Applying that standard to the facts at issue, the court found that Wolfson satisfied all three prongs of the Brunner test. As to the first prong, the court defined “minimal standard of living” as a debtor having the wherewithal to tend to their basic needs, such as food, shelter, utilities, transportation, healthcare, and some small source of recreation; a debtor is not required to live in “abject poverty” in order for their student loans to be deemed dischargeable. The court did not include the financial support that Wolfson received from his father in this calculus because the Brunner test inquires whether the debtor can support himself individually – i.e., not with familial or other charity. The court found that Wolfson met this first prong of the Brunner test because his monthly expenses were minimal (if not understated since he didn’t have health insurance), and his employment history and continued job hunting showed an effort to maximize his income. Thus, he would be unable to maintain a minimal standard of living if forced to repay the loans.
The second prong of the Brunner test required deeper analysis by the court since it was not clear what “repayment period” should apply because the regular payment period on Wolfson’s loans had already expired and the loans had, in any case, already been accelerated. With respect to the repayment period, the court ultimately found that the contractual repayment period should be considered – and found that that period had already passed – rejecting counterarguments that a hypothetical, new go-forward repayment term should be applied. With respect to the applicable “additional circumstances,” the court held that a fact-based, case-specific inquiry had to be applied. Wolfson, the court noted, had a history of only gig work and minimum wage jobs “punctuated by periods of unemployment” for the prior ten years, suggesting that any future employment would be of a similar nature. Thus, his earnings were unlikely to substantially increase over time to where he could afford to repay the loans and maintain a minimal standard of living. These “grim [employment] prospects” constituted sufficient “additional circumstances” that satisfied the second prong of the Brunner test.

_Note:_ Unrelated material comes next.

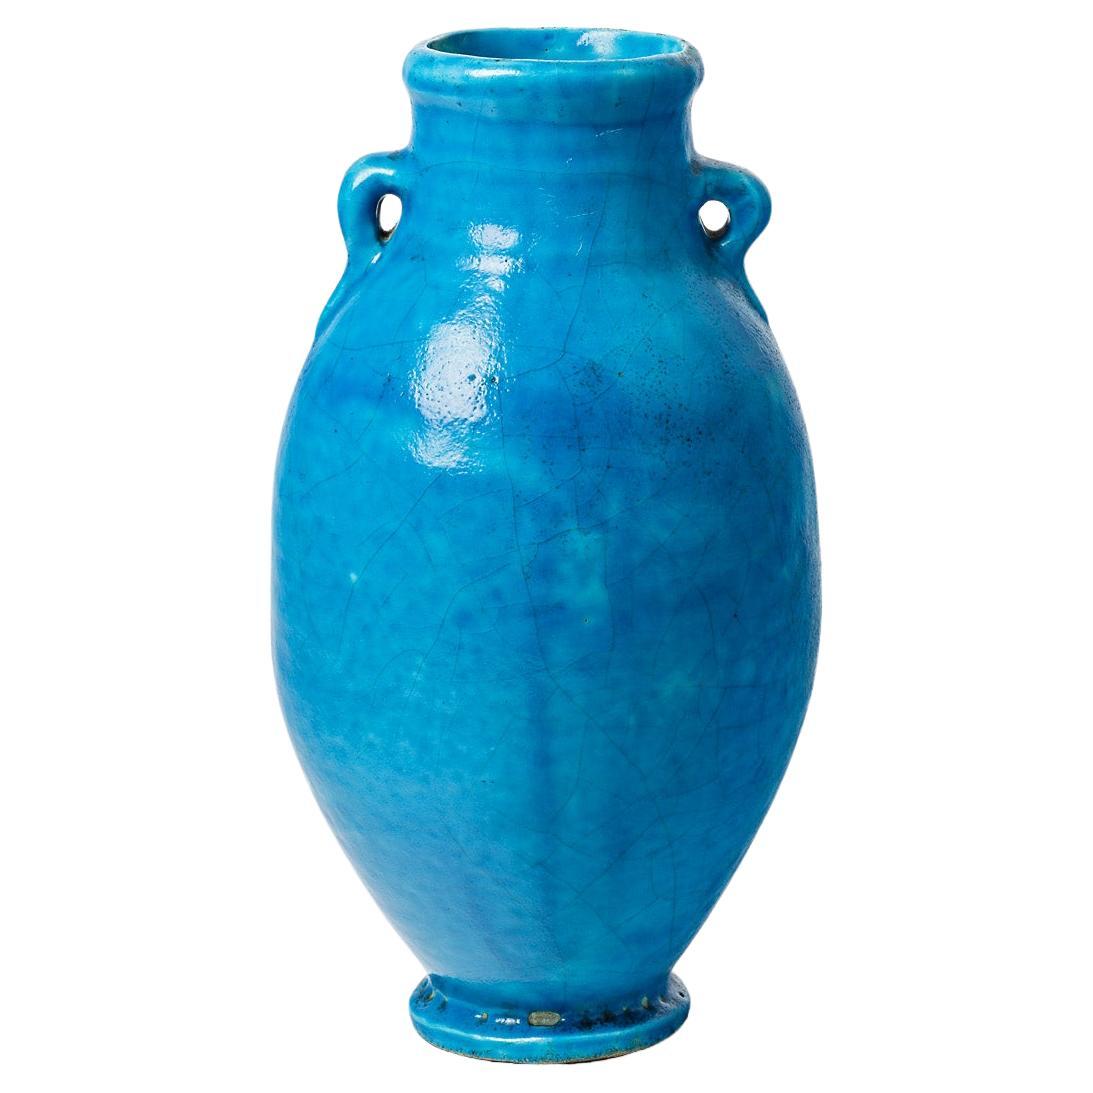 Vase aus blau glasierter Keramik, Raoul Lachenal zugeschrieben, um 1930.

Lastly, the court noted that the third prong’s good faith clause focuses on a debtor’s efforts to make payments on his or her student loans and not necessarily whether any payments have actually been made. In that regard, the court noted that although Wolfson had never made a payment on his student loans, he nonetheless could satisfy this third prong since he had never been in a financial position to do so given his history of low wage jobs. The court held that Wolfson satisfied the third prong because he made his best efforts to maximize his income and minimize his expenses, and thereby try and make payments on his loans, even though he never had the discretionary income to do so.
Although only one ruling, Wolfson could be a significant decision in bankruptcy jurisprudence on student loan dischargeability, particularly because it was issued by the chief judge of the Delaware bankruptcy court (a particularly influential venue in the bankruptcy space). Indeed, despite initially indicating that it would appeal the decision, the Department of Education quickly changed course, suggesting that there could be increasing political pressure on the Biden administration to provide relief to student loan borrowers. While some of Wolfson’s personal circumstances were unusual (e.g., his medical issues and use of medical cannabis), these were not factors the court focused on. Instead, certain aspects of the court’s ruling suggest that at least Judge Silverstein would favor a shift away from courts interpreting and applying the Brunner “undue hardship” test narrowly.
 Wolfson v. DeVos (In re Wolfson), No. 1:19-bk-50717 (Bankr. D. Del. Jan. 14, 2022).
 11 U.S.C. § 523(a)(8).
 In re Faish, 72 F.3d 298, 304-05 (3d Cir. 1995).